152. “Tom’s Diner,” Suzanne Vega & DNA. Songwriter: Suzanne Vega; #5 pop; 1990. “Tom’s Diner” was originally released as an A Cappella song from Suzanne Vega’s 1987 album “Solitude Standing.” The doo doo doo doo diner was based on New York City’s “Tom’s Restaurant,” which was later famously used for the exterior shots in the café scenes in the television program “Seinfeld.” Vega, “One day, I was in there mulling over a conversation I’d had with a photographer friend, Brian Rose, about romantic alienation. He told me he saw his life as if through a pane of glass. I came out of Tom’s with the idea of writing a song about an alienated character who just sees things happening around him.
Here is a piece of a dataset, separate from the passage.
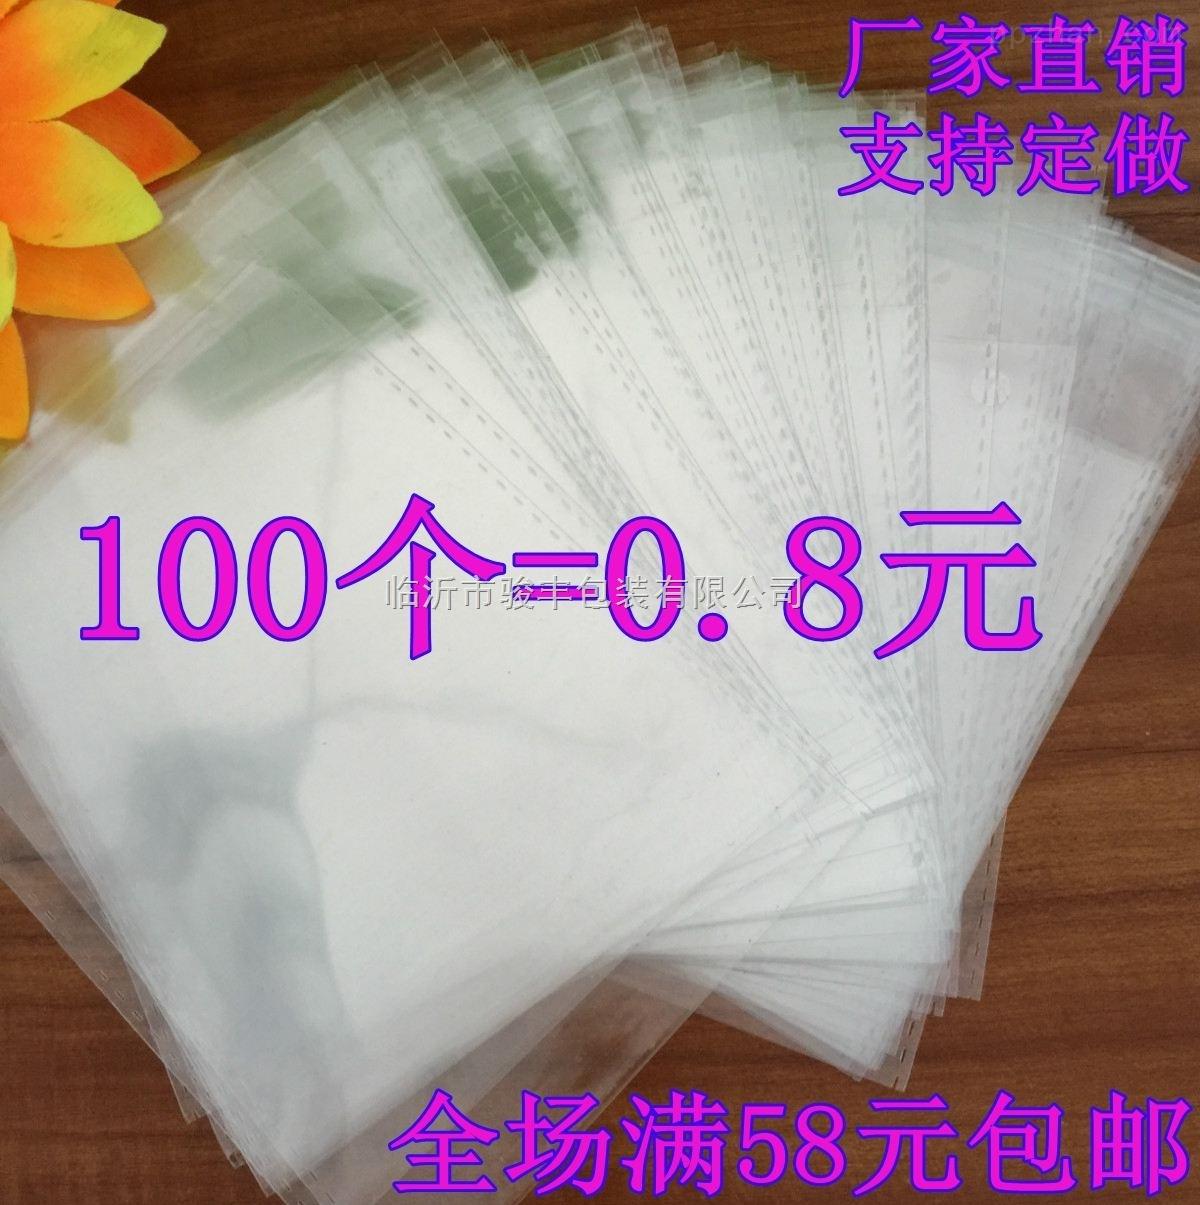 临沂不干胶服装袋子opp袋透明opp塑料袋生产厂家批发自粘袋定制

I was walking down Broadway and the melody popped into my head.” A few years later, British producers DNA used Vegas vocals on top of a dance track by the neo-R&B act Soul II Soul. Vega embraced the unrequested collaboration, “To my great relief I loved what DNA had done. I thought it would be played in a few dance clubs and that would be it, but it surpassed everyone’s expectations.”

 

151. “Straight Tequila Night,” John Anderson. Songwriters: Debbie Hupp; Kent Robbins; #1 country; 1991. Kentucky born songwriter Kent Robbins attended Vanderbilt University, wrote #1 singles for Ronnie Milsap and Charley Pride during the 1970s, and started his own publishing company in the 1980s. John Anderson had a hit with the Robbins’ composition “She Just Started Liking Cheating Songs” in 1980 and had his comeback #1 hit with “Straight Tequila Night,” a tale of an angry drunken woman written by Robbins and Debbie Hupp (Hupp also had a writing credit on Kenny Rogers’ Top Ten pop hit “You Decorated My Life”). Producer James Stroud reigned in Anderson’s tendency for colorful vocal mannerisms on this outing, keeping the focus on the tequila and an angry woman’s wounded heart.